Print every line of the material exactly.

───── Information supplied ─────

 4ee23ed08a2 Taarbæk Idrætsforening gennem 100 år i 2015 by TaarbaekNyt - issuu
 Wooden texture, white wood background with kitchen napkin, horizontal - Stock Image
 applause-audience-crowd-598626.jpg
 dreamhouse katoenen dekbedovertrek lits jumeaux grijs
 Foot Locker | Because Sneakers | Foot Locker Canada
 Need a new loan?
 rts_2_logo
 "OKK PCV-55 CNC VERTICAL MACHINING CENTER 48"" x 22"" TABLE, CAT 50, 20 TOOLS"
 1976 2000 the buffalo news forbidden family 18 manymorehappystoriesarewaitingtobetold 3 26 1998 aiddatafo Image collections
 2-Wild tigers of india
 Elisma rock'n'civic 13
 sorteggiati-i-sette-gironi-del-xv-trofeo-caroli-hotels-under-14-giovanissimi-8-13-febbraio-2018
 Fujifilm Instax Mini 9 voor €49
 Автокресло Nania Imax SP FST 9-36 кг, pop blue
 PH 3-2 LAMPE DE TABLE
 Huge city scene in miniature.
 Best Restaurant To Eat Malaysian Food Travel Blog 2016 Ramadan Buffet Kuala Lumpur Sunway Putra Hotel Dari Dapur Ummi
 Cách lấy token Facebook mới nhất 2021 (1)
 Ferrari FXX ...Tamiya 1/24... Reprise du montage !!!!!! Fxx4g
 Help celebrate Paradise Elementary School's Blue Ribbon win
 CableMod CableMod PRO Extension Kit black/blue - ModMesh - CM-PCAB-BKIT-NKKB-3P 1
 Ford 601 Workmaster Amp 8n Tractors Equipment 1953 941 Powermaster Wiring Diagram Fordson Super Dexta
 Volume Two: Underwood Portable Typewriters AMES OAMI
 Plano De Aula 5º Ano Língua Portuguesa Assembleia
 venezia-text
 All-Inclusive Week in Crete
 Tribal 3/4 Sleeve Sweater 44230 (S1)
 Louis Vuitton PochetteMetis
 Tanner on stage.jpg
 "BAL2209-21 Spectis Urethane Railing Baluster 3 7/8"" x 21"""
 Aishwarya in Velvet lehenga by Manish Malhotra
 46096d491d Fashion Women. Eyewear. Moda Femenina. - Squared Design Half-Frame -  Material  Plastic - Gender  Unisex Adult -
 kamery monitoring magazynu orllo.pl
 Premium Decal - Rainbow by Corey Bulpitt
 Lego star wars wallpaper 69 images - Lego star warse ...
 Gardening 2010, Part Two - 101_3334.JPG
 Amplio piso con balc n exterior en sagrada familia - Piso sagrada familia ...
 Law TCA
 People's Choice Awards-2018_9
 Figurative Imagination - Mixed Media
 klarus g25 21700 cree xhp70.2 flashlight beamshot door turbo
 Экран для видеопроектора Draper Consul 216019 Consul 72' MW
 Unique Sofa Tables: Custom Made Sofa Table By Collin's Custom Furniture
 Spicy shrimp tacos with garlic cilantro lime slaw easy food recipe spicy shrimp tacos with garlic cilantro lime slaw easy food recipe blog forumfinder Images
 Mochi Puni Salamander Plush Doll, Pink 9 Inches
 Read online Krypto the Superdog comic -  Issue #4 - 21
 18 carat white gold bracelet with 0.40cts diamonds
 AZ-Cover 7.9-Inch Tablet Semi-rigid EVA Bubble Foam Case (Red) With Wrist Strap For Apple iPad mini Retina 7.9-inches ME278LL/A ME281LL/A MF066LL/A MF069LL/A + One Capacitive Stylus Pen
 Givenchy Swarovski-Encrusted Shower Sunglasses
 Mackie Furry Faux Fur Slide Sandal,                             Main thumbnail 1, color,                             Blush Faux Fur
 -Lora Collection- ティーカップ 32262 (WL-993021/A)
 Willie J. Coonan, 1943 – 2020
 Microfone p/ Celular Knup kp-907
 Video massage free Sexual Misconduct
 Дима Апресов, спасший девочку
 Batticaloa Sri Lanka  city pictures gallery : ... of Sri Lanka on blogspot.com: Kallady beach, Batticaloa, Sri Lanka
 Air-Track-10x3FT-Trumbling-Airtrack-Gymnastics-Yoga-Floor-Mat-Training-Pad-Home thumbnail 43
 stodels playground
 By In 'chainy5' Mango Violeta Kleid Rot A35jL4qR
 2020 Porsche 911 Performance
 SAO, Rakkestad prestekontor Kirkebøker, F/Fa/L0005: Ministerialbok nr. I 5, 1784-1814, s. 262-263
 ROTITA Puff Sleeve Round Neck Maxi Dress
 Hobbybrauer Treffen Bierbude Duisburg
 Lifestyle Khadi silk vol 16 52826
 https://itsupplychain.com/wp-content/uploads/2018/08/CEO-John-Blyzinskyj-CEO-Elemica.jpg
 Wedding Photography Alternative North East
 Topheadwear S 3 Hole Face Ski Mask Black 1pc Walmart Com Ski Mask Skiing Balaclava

─────

## Finished exercise
 4ee23ed08a2 Taarbæk Idrætsforening gennem 100 år i 2015 by TaarbaekNyt - issuu
 Wooden texture, white wood background with kitchen napkin, horizontal - Stock Image
 applause-audience-crowd-598626.jpg
 dreamhouse katoenen dekbedovertrek lits jumeaux grijs
 Foot Locker | Because Sneakers | Foot Locker Canada
 Need a new loan?
 rts_2_logo
 "OKK PCV-55 CNC VERTICAL MACHINING CENTER 48"" x 22"" TABLE, CAT 50, 20 TOOLS"
 1976 2000 the buffalo news forbidden family 18 manymorehappystoriesarewaitingtobetold 3 26 1998 aiddatafo Image collections
 2-Wild tigers of india
 Elisma rock'n'civic 13
 sorteggiati-i-sette-gironi-del-xv-trofeo-caroli-hotels-under-14-giovanissimi-8-13-febbraio-2018
 Fujifilm Instax Mini 9 voor €49
 Автокресло Nania Imax SP FST 9-36 кг, pop blue
 PH 3-2 LAMPE DE TABLE
 Huge city scene in miniature.
 Best Restaurant To Eat Malaysian Food Travel Blog 2016 Ramadan Buffet Kuala Lumpur Sunway Putra Hotel Dari Dapur Ummi
 Cách lấy token Facebook mới nhất 2021 (1)
 Ferrari FXX ...Tamiya 1/24... Reprise du montage !!!!!! Fxx4g
 Help celebrate Paradise Elementary School's Blue Ribbon win
 CableMod CableMod PRO Extension Kit black/blue - ModMesh - CM-PCAB-BKIT-NKKB-3P 1
 Ford 601 Workmaster Amp 8n Tractors Equipment 1953 941 Powermaster Wiring Diagram Fordson Super Dexta
 Volume Two: Underwood Portable Typewriters AMES OAMI
 Plano De Aula 5º Ano Língua Portuguesa Assembleia
 venezia-text
 All-Inclusive Week in Crete
 Tribal 3/4 Sleeve Sweater 44230 (S1)
 Louis Vuitton PochetteMetis
 Tanner on stage.jpg
 "BAL2209-21 Spectis Urethane Railing Baluster 3 7/8"" x 21"""
 Aishwarya in Velvet lehenga by Manish Malhotra
 46096d491d Fashion Women. Eyewear. Moda Femenina. - Squared Design Half-Frame -  Material  Plastic - Gender  Unisex Adult -
 kamery monitoring magazynu orllo.pl
 Premium Decal - Rainbow by Corey Bulpitt
 Lego star wars wallpaper 69 images - Lego star warse ...
 Gardening 2010, Part Two - 101_3334.JPG
 Amplio piso con balc n exterior en sagrada familia - Piso sagrada familia ...
 Law TCA
 People's Choice Awards-2018_9
 Figurative Imagination - Mixed Media
 klarus g25 21700 cree xhp70.2 flashlight beamshot door turbo
 Экран для видеопроектора Draper Consul 216019 Consul 72' MW
 Unique Sofa Tables: Custom Made Sofa Table By Collin's Custom Furniture
 Spicy shrimp tacos with garlic cilantro lime slaw easy food recipe spicy shrimp tacos with garlic cilantro lime slaw easy food recipe blog forumfinder Images
 Mochi Puni Salamander Plush Doll, Pink 9 Inches
 Read online Krypto the Superdog comic -  Issue #4 - 21
 18 carat white gold bracelet with 0.40cts diamonds
 AZ-Cover 7.9-Inch Tablet Semi-rigid EVA Bubble Foam Case (Red) With Wrist Strap For Apple iPad mini Retina 7.9-inches ME278LL/A ME281LL/A MF066LL/A MF069LL/A + One Capacitive Stylus Pen
 Givenchy Swarovski-Encrusted Shower Sunglasses
 Mackie Furry Faux Fur Slide Sandal,                             Main thumbnail 1, color,                             Blush Faux Fur
 -Lora Collection- ティーカップ 32262 (WL-993021/A)
 Willie J. Coonan, 1943 – 2020
 Microfone p/ Celular Knup kp-907
 Video massage free Sexual Misconduct
 Дима Апресов, спасший девочку
 Batticaloa Sri Lanka  city pictures gallery : ... of Sri Lanka on blogspot.com: Kallady beach, Batticaloa, Sri Lanka
 Air-Track-10x3FT-Trumbling-Airtrack-Gymnastics-Yoga-Floor-Mat-Training-Pad-Home thumbnail 43
 stodels playground
 By In 'chainy5' Mango Violeta Kleid Rot A35jL4qR
 2020 Porsche 911 Performance
 SAO, Rakkestad prestekontor Kirkebøker, F/Fa/L0005: Ministerialbok nr. I 5, 1784-1814, s. 262-263
 ROTITA Puff Sleeve Round Neck Maxi Dress
 Hobbybrauer Treffen Bierbude Duisburg
 Lifestyle Khadi silk vol 16 52826
 https://itsupplychain.com/wp-content/uploads/2018/08/CEO-John-Blyzinskyj-CEO-Elemica.jpg
 Wedding Photography Alternative North East
 Topheadwear S 3 Hole Face Ski Mask Black 1pc Walmart Com Ski Mask Skiing Balaclava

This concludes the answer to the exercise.